Materials and methods

The coding sequences of PPRV N protein

The 45 genomes PPRV were downloaded from the National Center for Biotechnology Information (NCBI) (http://www.ncbi.nlm.nih.gov/Genbank/) and the detailed information was listed in Table S1. To better identify unique genetic feature reflected by the overall codon usage bias between N gene and other viral genes (H, F, L, M and P genes), an effective number of codons (ENC) analysis was applied to quantify the absolute codon usage bias for these PPRV genes (Wright 1990). Meanwhile, to better clarify the adaptation of PPRV N gene to host, an improved CAI calculation method, depending on CAIcal server, was applied for analyzing extents of adaptation of viral genes (N, H, F, L, M and P genes) to host (Ovis aries) (Puigbo et al. 2008a; Sharp and Li 1987). The codon usage frequencies of O. aries (natural host of PPRV) was selected for a reference and the related data was obtained from the Codon Usage Database (Nakamura et al. 2000). To better clarify genetic features reflected by the overall codon usage bias and its adaptation to host for each viral gene, the ENC values and CAI values of the six genes were estimated by the statistical test (One-Way ANOVA) via SPSS 16.0 software for Windows, respectively.

Alignment of amino acid sequence of PPRV N protein and the model of N protein structure

To identify genetic diversity of amino acid usages in PPRV N protein, the genetic diversity of N genes in 45 PPRV strains was analyzed by MEGA 5.0 software. Phylogenetic tree of N protein was constructed using the Neighbor-Joining method via gamma distributed rate variation and a boot-strap of 1000 replicates.

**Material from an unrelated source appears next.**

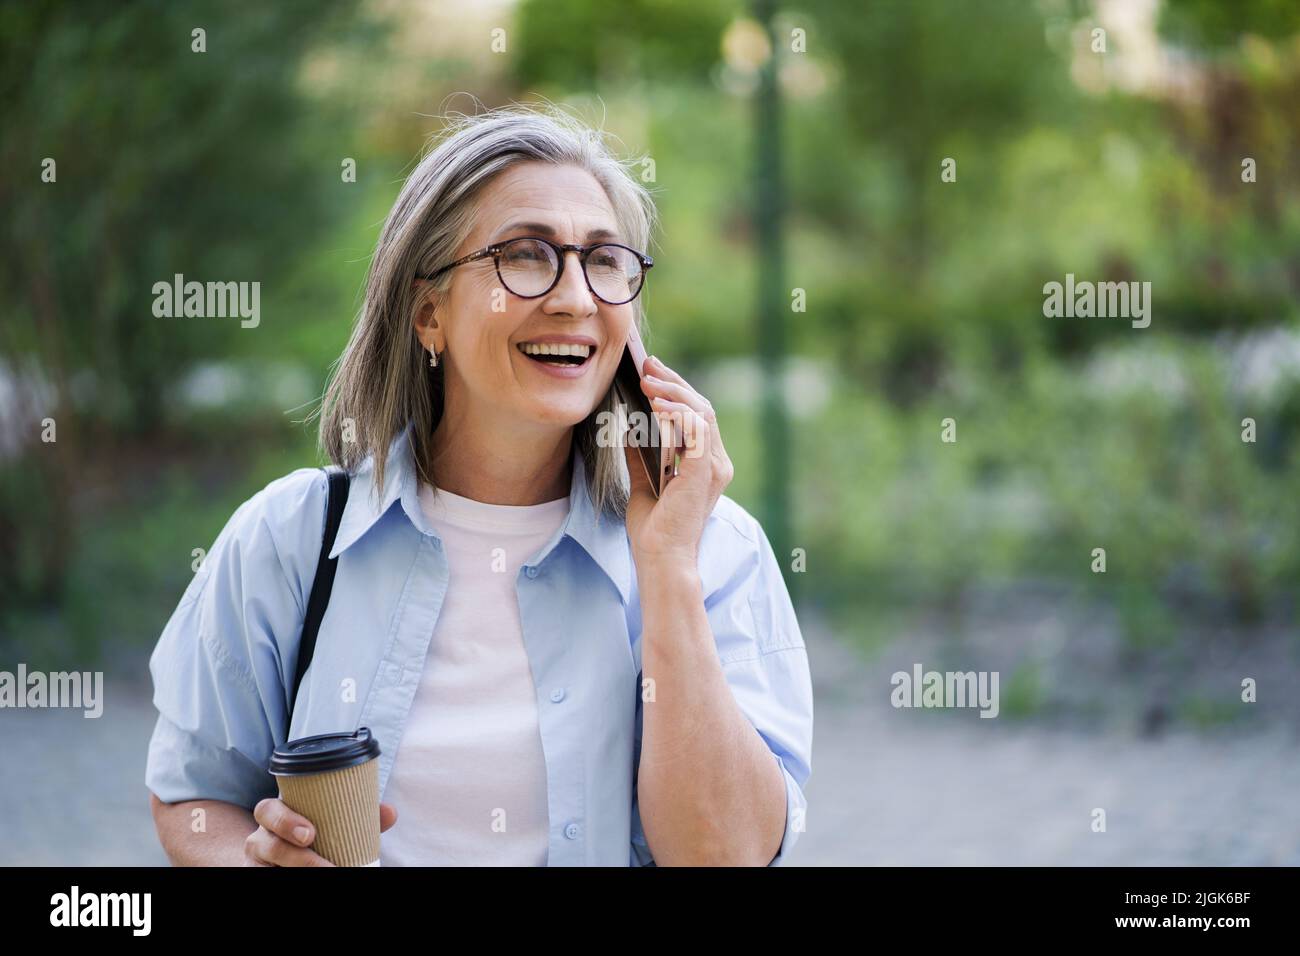 Eine europäisch-grauhaarige Geschäftsfrau spricht am Telefon, während sie unterwegs mit einer Papiertasse im Stadtgarten oder Park Kaffee trinkt. Reife Frau in der Kaffeepause, trägt blaues Hemd und weißes T-Shirt. Stockfoto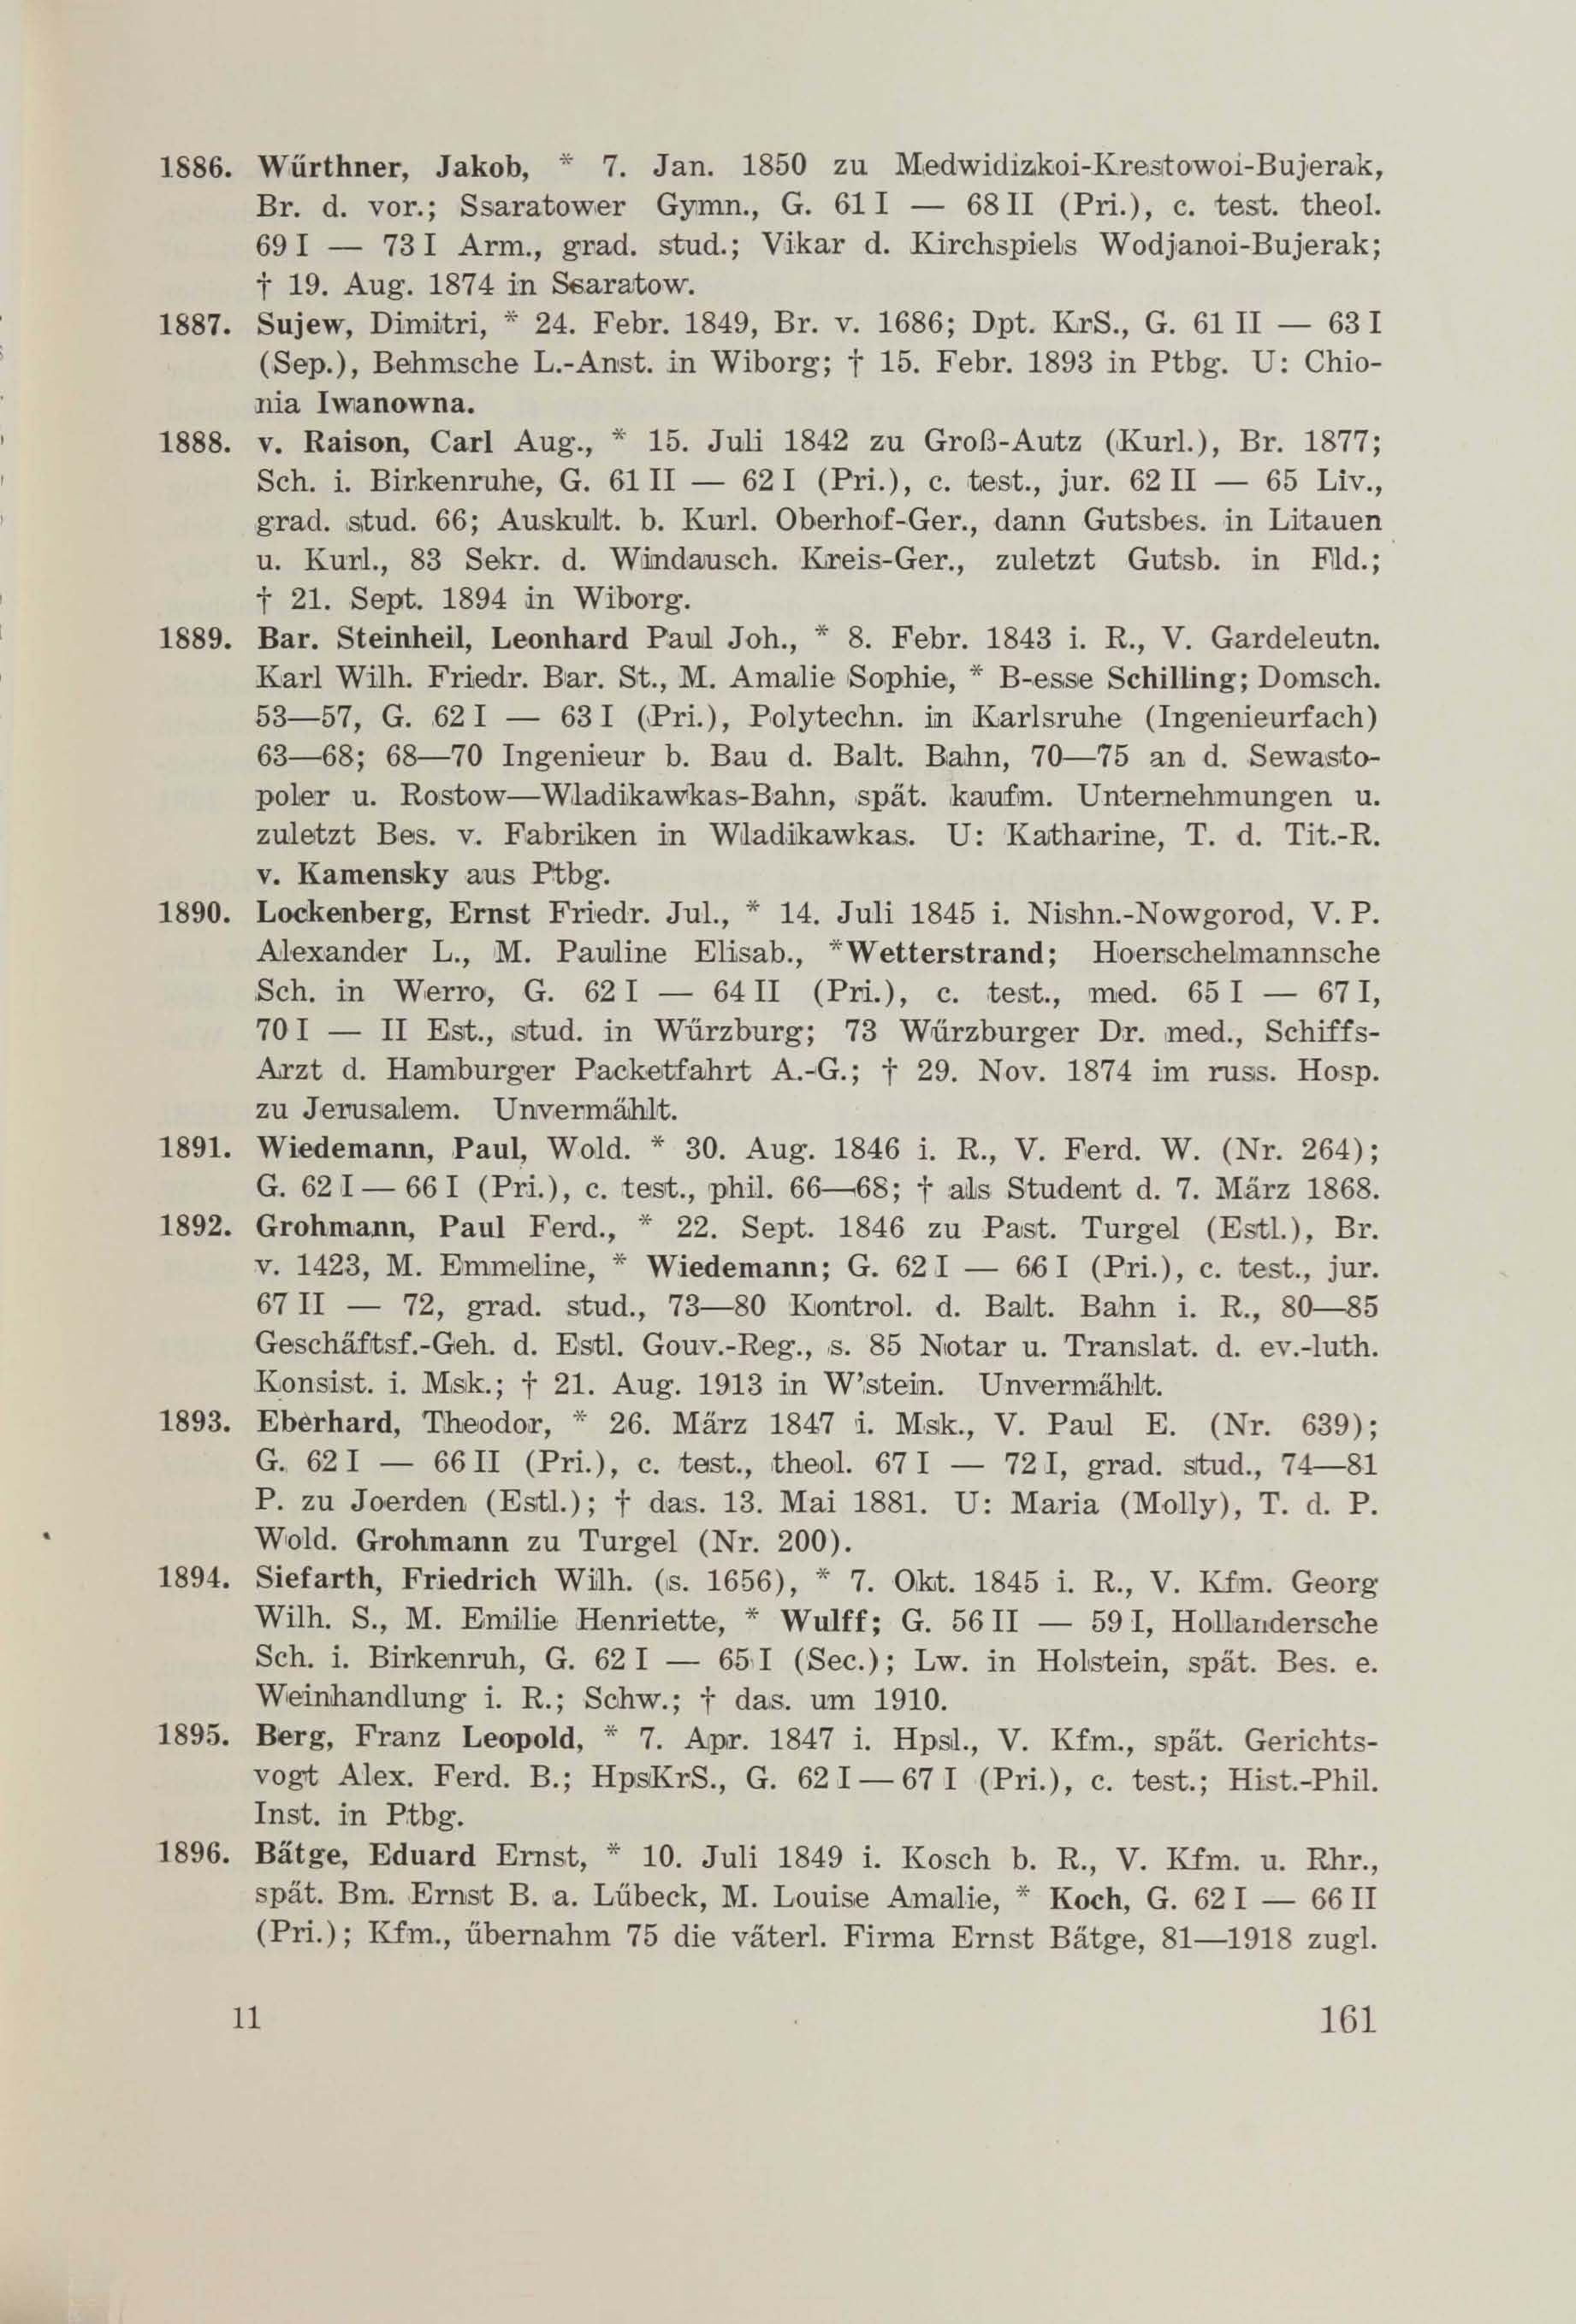 Schüler-Verzeichnis des Revalschen Gouvernements-Gymnasiums 1805–1890 (1931) | 171. (161) Main body of text

There were two reliable biological conclusions: (i) the N proteins represented highly conserved genetic features in Morbillivirus, (ii) the precise secondary structure of N protein in measles virus was obtained by X-ray diffraction method (Guryanov et al. 2015; Gutsche et al. 2015). The information benefited for modeling the reliable secondary structure of PPRV N protein. In this study, each PPRV N gene was estimated and modeled for its specific 3D structure via SWISS-MODEL program which is supported by Swiss Institute of Bioinformatics and Center for Molecular Life Sciences (https://swissmodel.expasy.org/). SWISS-MODEL program relied on a fully automated protein structure homology-modeling server, accessible via the ExPASy web server, or from the program DeepView (Swiss Pdb Viewer).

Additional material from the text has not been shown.